When lemmatizing, there is the possibility to use a "stop-list" of common word-forms.
In that case, Program Lemmatize will skip over such forms, and allow the user to concentrate
on the less common, and therefore more significant, forms.
Mode: Global change of sense code across texts
Programmed but still to be written up here.
The database
The database consist of several plain-text files. The structure of these files, and even their number, is not finalized.
They are not fully "normalized" in the database sense, as it is easier to update them manually like this.
When their content is more complete, it is expected they will be put fully in normal form.
The set of plain-text files at present consists of:
• the forms file (not used at present)
• the formsenses file
• the formsenseexamples file
• the decompositions file
• the decompositionexamples file
The content of the database is specialized towards handling the spelling found in the texts of the Ulaidh collection,
including phonetically-reasonable variants.
It is far from complete, and will be incrementally developed, as more texts are lemmatized.

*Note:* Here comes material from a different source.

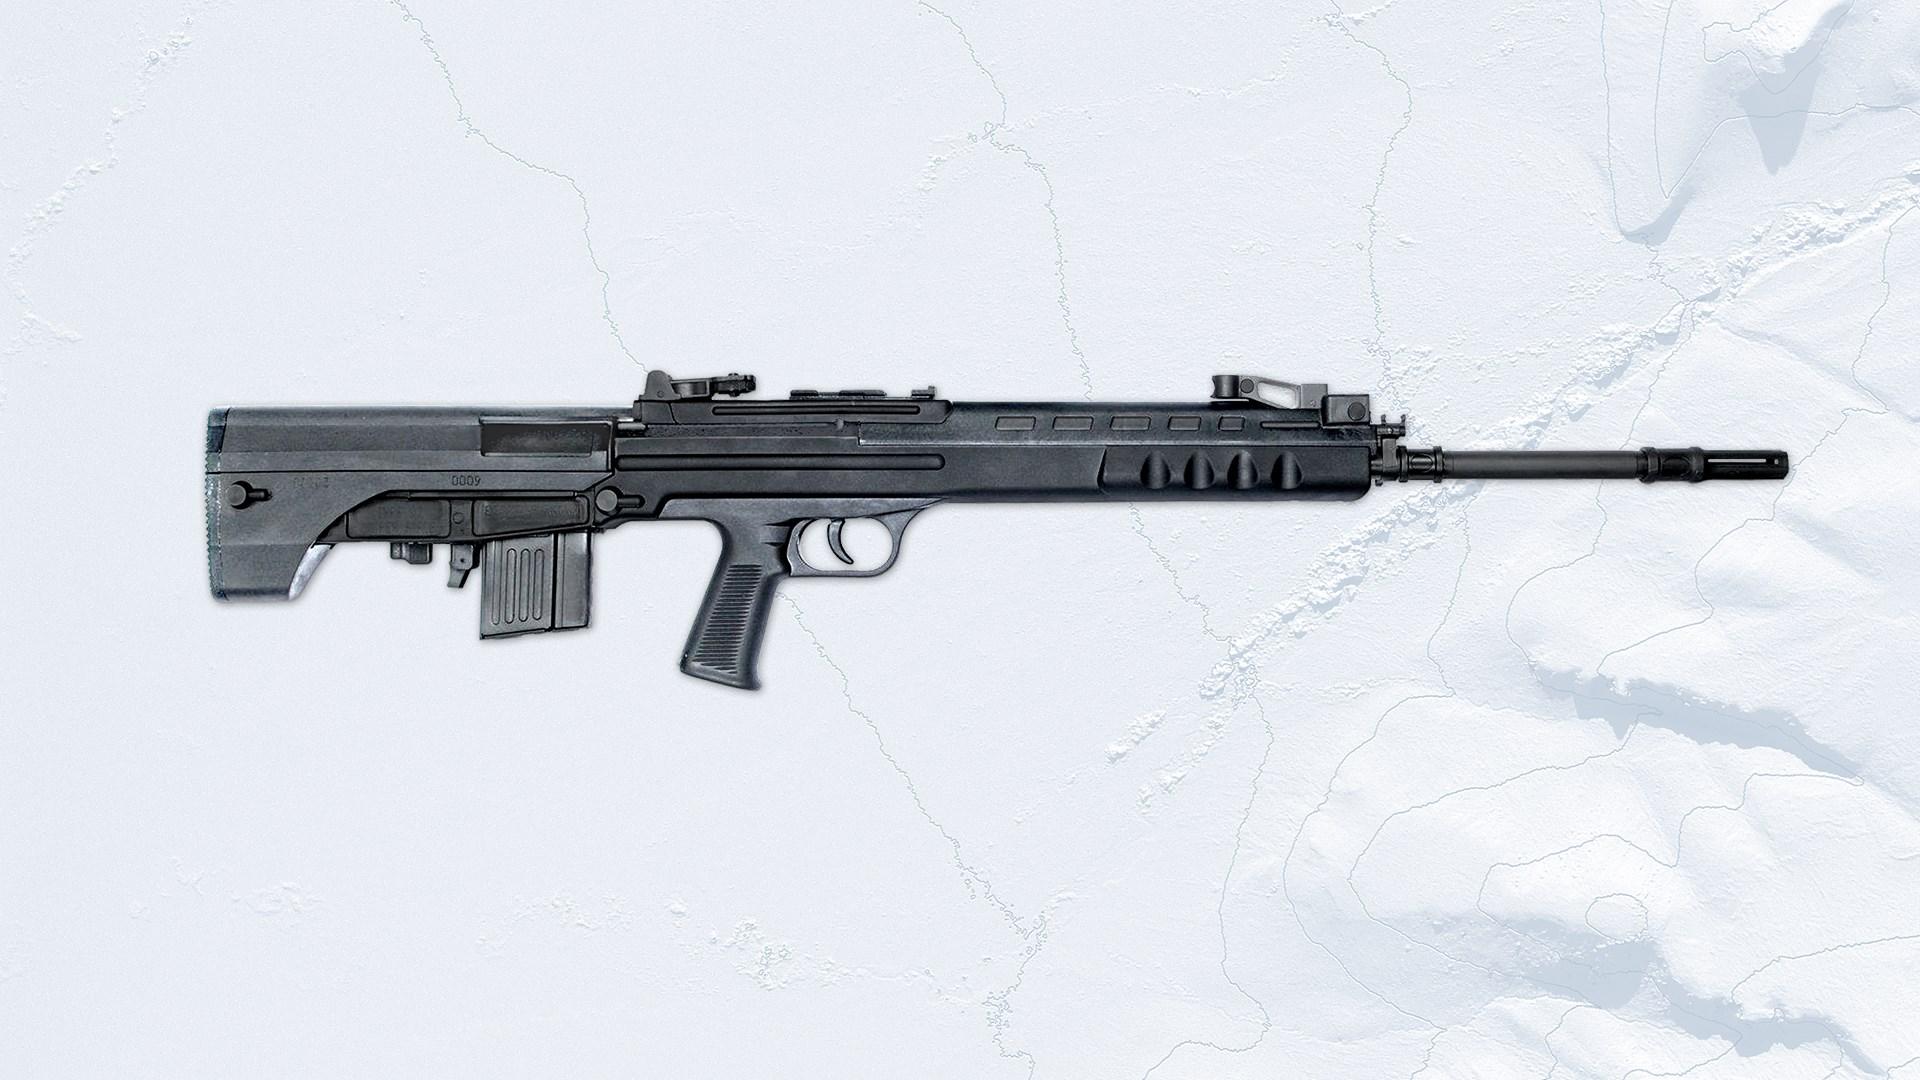 HUB-93
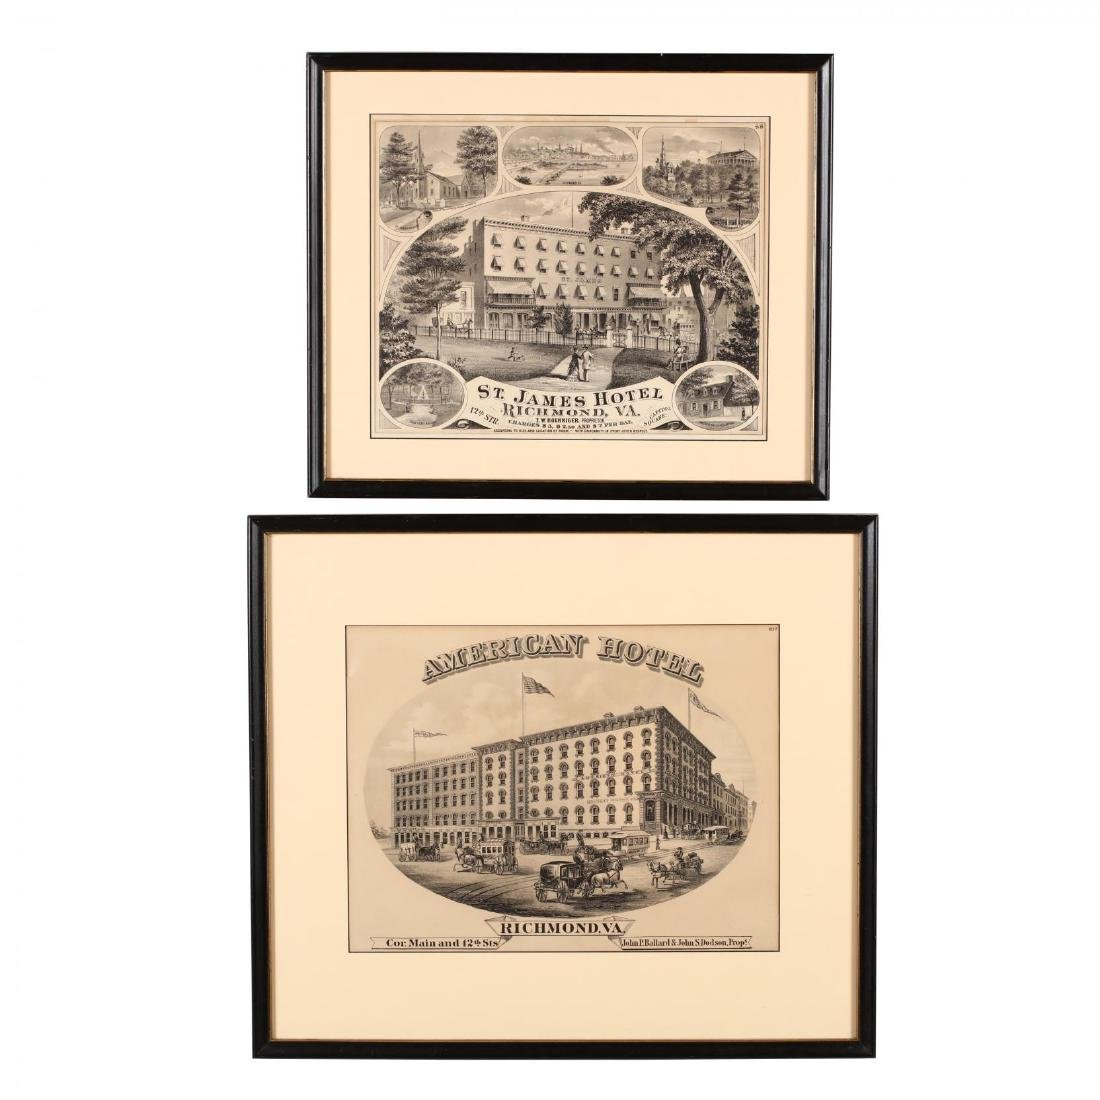 Two Antique Richmond, Virginia Hotel Advertisements

Similar databases could be constructed for the orthographies of other text collections.
Program Lexicon (see below) provides facilities for manipulating this database,
including conversion of the set of plain-text files to a SQLite database.
The formsenses file
Data about these forms is maintained manually in a plain-text file, called formsenses.txt.

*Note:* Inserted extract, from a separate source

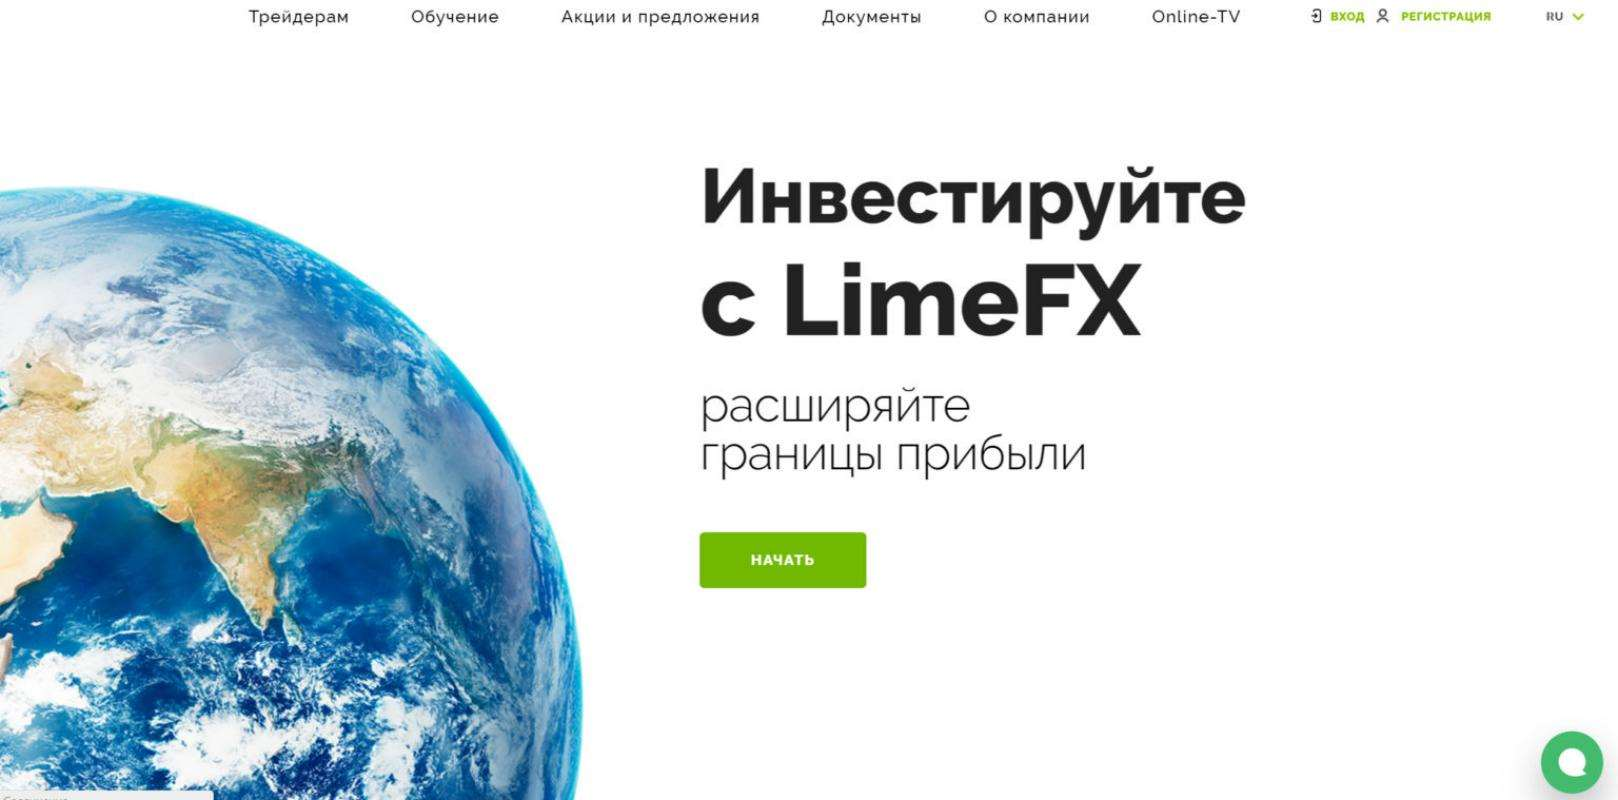 Обзор брокера LimeFX, плюсы и минусы

The file will contain a record for every distinct sense of every distinct word-type, ie. every distinct type/sense combination.
There may also be separate records for different morphological categories of a type/sense, even when homonymic. This is still being refined.
A record contains a number of fields as follows. (The fields are re-ordered here, for ease of explanation; in the file they are ordered for ease of maintenance.)
FORM 1– 23 the form as found in text, but lowercased and (except when the mutation is permanent) demutated
SENSE 24– 38 the sense, an arbitrary code; serves a similar function to FGB's superscripts and numbered divisions
KEY_RAW 126–159 form+sense — this field uniquely determines the following fields until otherwise stated
SORT 464–467 controls the order in which the senses for a form should be displayed by programs, eg. during lemmatisation of that form in a text
ORTHOG_1 160–177 provisional orthography for this form+sense, unifying variants which imply no phonetic difference,
e.g. gáiridh may be unified with gáirí; but a' ( < an) may not be unified with an
USAGE 178–226 may contain example of use, to guide human application
STATUS 227–255 may contain comment such as "unused" or "no example in texts so far lemmatized"
SPELLING-SPECIFIC 256–324 may contain comment such as database compounds which contain this form+sense, or other hints
NOTES 513–end
FGB 39–125 FGB information for this form+sense
KEY_DESPELL 325–358 unifies spellings which vary phonetically with the context — this field uniquely determines the following fields until otherwise stated
e.g. a' ( < an) and 'n ( < an) are unified with an; rachad with rachadh;
ORTHOG_2 359–380 provisional context-independent orthography for group of forms sharing same KEY_DESPELL
INFLECTION-SPECIFIC 381–413 inflectional category for this KEY_DESPELL, eg. (gs) for genitive singular; (past aut abs) for absolute past autonomous
KEY_DEINFLECT 414–440 unifies inflections — this field uniquely determines the following fields until otherwise stated
KEY_4 441–463 spare field for unification — this field uniquely determines the following fields until otherwise stated
MEANING 468–512 part of speech and distinctive gloss
Several cautions:
1. It will be seen that, moving through the columns from left to right, there is a gradual unification from forms to lemmas.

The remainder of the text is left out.